流石に気を失っていても首を絞められいれば顔を歪めて苦しそうにする。
そんな中操作は心の中で別の声を聞く。

◆◆◆◆◆◆

『お前では彼女を守りきれないか?』

『お前は誰だ?』

『そうだな...考え方としては兄になるのか?』

『僕に兄なんていない。』

『あぁ、実質的な兄はいない。 なら俺はお前のオリジナルと言うのが正しいか?』

『オリジナル....どういうことだ。』

『池野操作というのは...俺が能力で作ったもう一つの人格に過ぎないってことだ。』

操作の頭は混乱する。
いきなり囁きだした声に自分は作り物の人格だと宣言されたのだから無理もないだろう。

『まぁ固まるのも普通だ。 俺が一方的にお前の記憶を共有しているだけだからな。』

『何故多重人格にする必要があったんだ。』

『..........そうだな。 すべては彼女のためだ。 箱部鈴菜という女性を守るには俺の手は余りにも汚れ過ぎた。』

『だから仮の人格を欲した?』

『あぁ、暗殺時代に培った身体能力を一部制限し、記憶のみを受け継いで作った。 また同じ過ちを繰り返させないための保険としてだ。 案の定お前は今日まで人を殺めることなく彼女に寄り添ってきた。』

『でも僕には今の状況を打破できる手がない。 僕は彼女を守りきれずに終わってしまうのか?』

『......そうさせないために俺は俺自身の人格をこの体に残しておいたんだ。 だからここは俺がやる。 任せろ、兄貴(仮)として彼女は守ってみせる。』

◆◆◆◆◆◆

「ハハハッ....あぁ?」

男は不意に足に違和感を覚える。
そして足を見ると、膝から下がなかった。

「..........っ何!!」

男はバランスを崩し鈴菜を放す。
操作は鈴菜を優しく受け止め、その場を離れた。

「なっ....何だってんだこの傷は!!」

痛みすら感じることはなかった。
まるで初めから片足が無かったかのように今も痛みを感じることはない。
男が操作の方に目をやると操作は鈴花ではないもう一本の小刀を抜いていた。
その小刀は過去に多くの血を吸ったことによりその刀身はなまくらを思わせるほどに黒かった。
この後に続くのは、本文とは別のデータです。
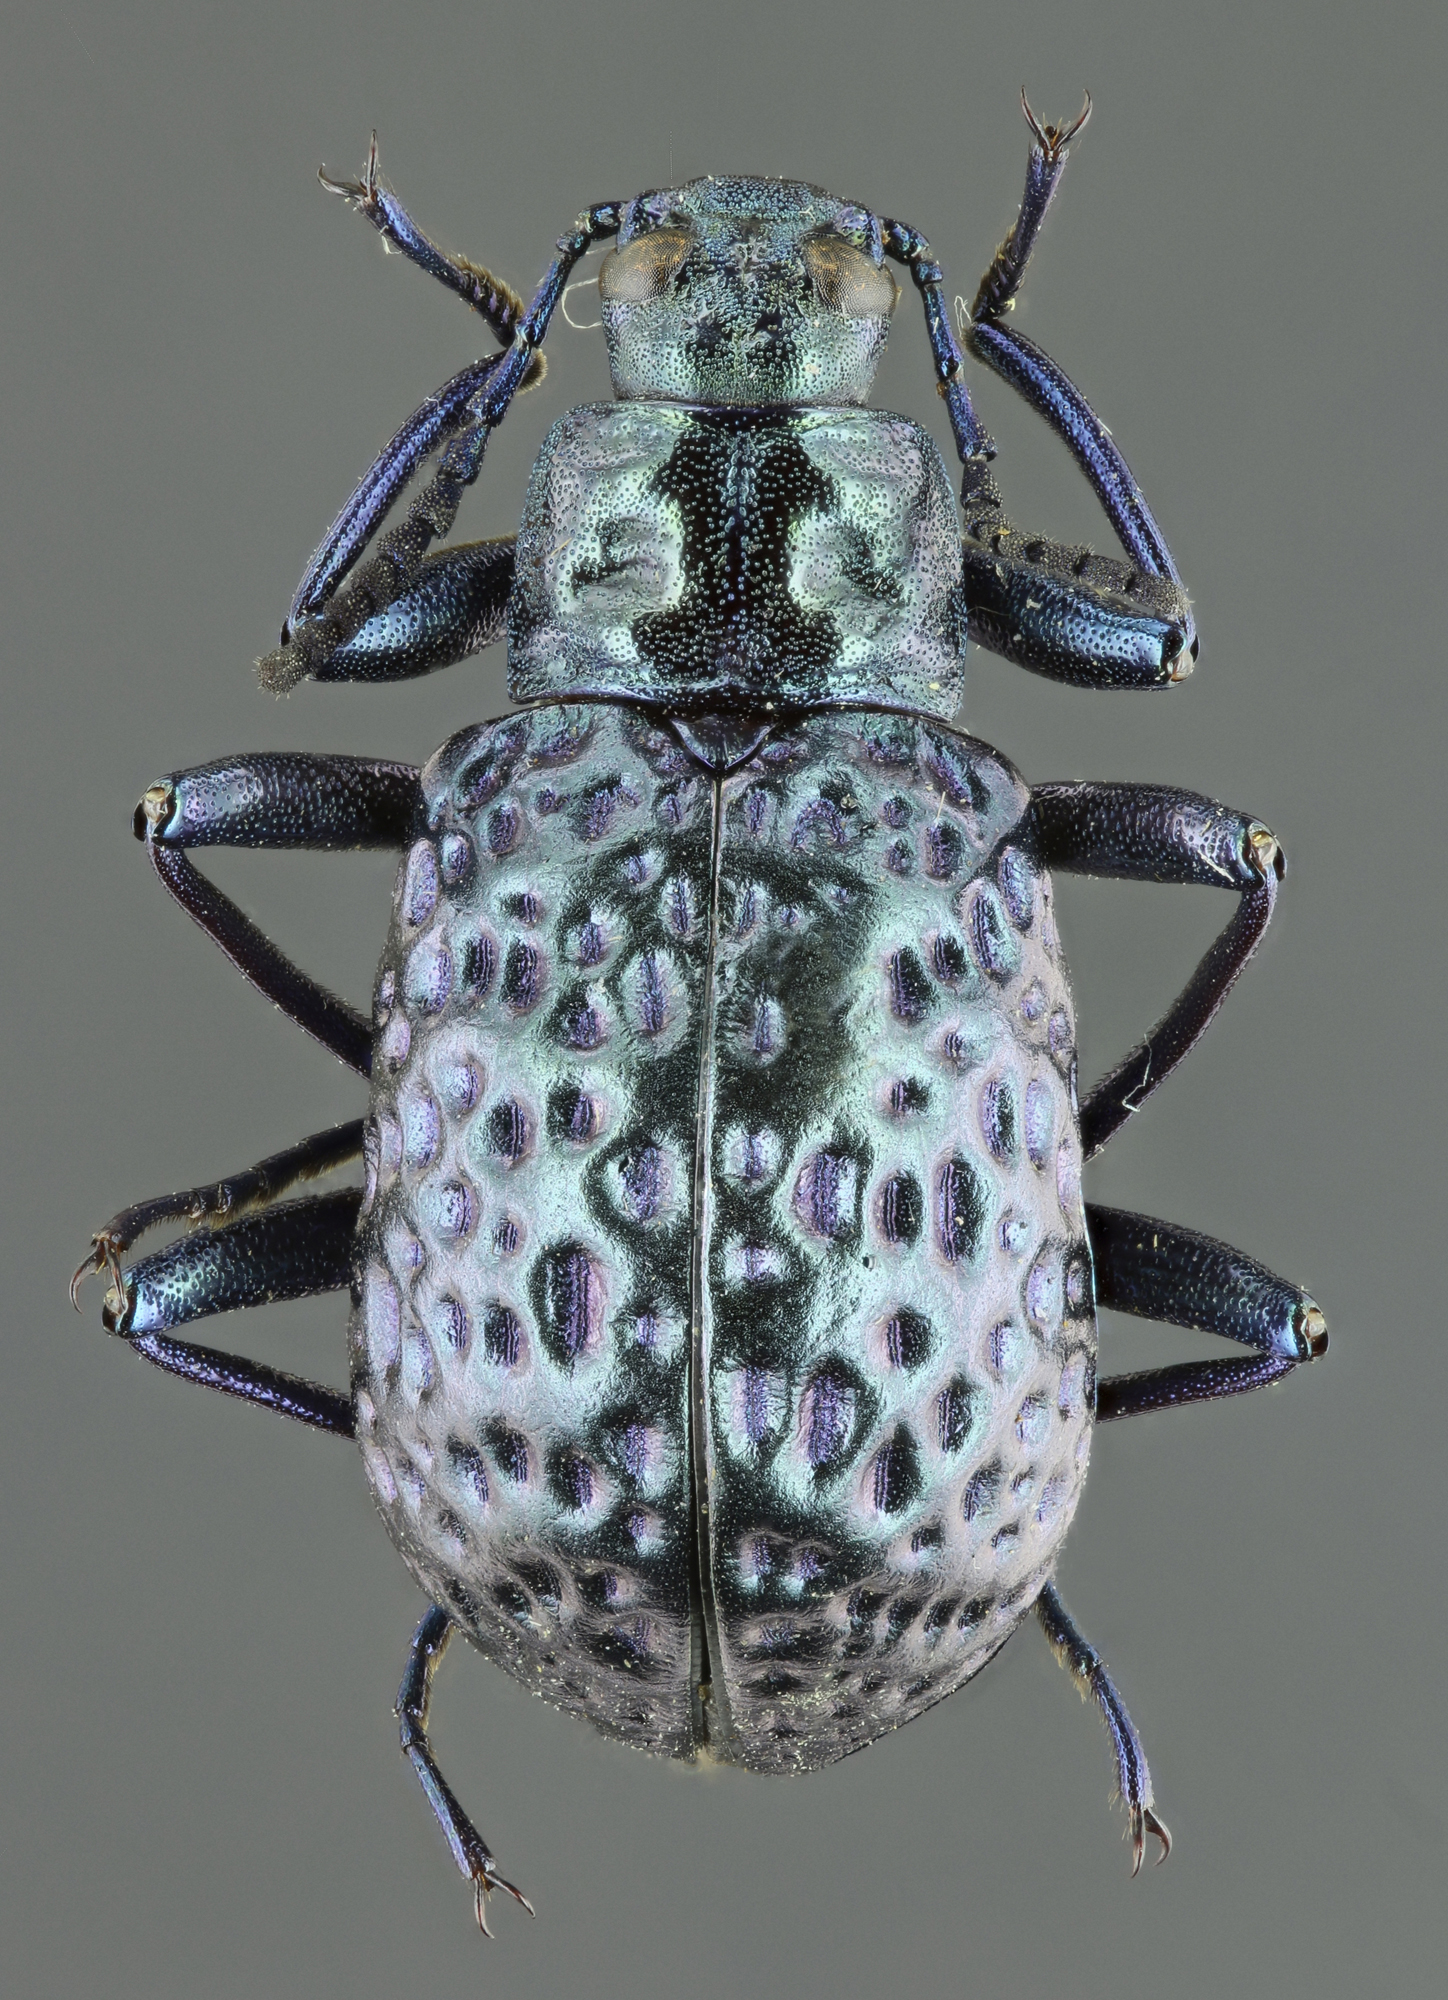 Cuphotes lagrioides 38263zs82.jpg

断刀・頭並べ(だんとう・かしらならべ)....この刀を持つのも数年ぶりになるのか。 可能なら永遠に持ちたくはなかったが....過去の亡霊が相手なら仕方ない。」

そこにいたのは操作ではなくISだった。
先程の殺気に溢れていた操作とは違い、むしろ何一つ感じなくなった。
それこそ目で見えていてもそこにいる気配を感じ取れないくらいだ。

「馬鹿な....レベルが違い過ぎる。」

ISはノーモーションからダッシュし、加速するとその速度から一瞬で目で捉えられなくなる。
そして気付いた時には体のパーツの何処かが切断されて宙を舞っていた。

『馬鹿な...これがかつて死神と呼ばれた男の実力。』

男は決して起こしてはならない人物を起こしてしまったことを心底後悔した。
ISは頭並べを逆手に持ち、手足を両断された男の首を斬り落とそうとする。

「終わりだ。」

ISが視界から消え、男は死を悟った。
しかし、ISの頭の中で1つの大きな声が聞こえた。

『いけません!!』

聞き覚えのあるその声にISはピタリと止まる。
その手に持つ刃は男の首に触れる直前だった。
途端にISは刀をしまい鈴菜の元へ戻った。
まだ目を閉じたままの鈴菜の頬をISは優しく撫でる。

「数年ぶりだね...箱部さん。 残念だけど俺が君と会えるのは君がこうして眠っている間だけなんだ。」

ISの顔は何処か寂しそうだった。
それが伝わったのか鈴菜の目に涙が溜まる。
それは頬を伝い、頬を撫でるISの手を濡らした。

「もうお別れの時間か...最後に....。」

ISは鈴菜の唇を奪った。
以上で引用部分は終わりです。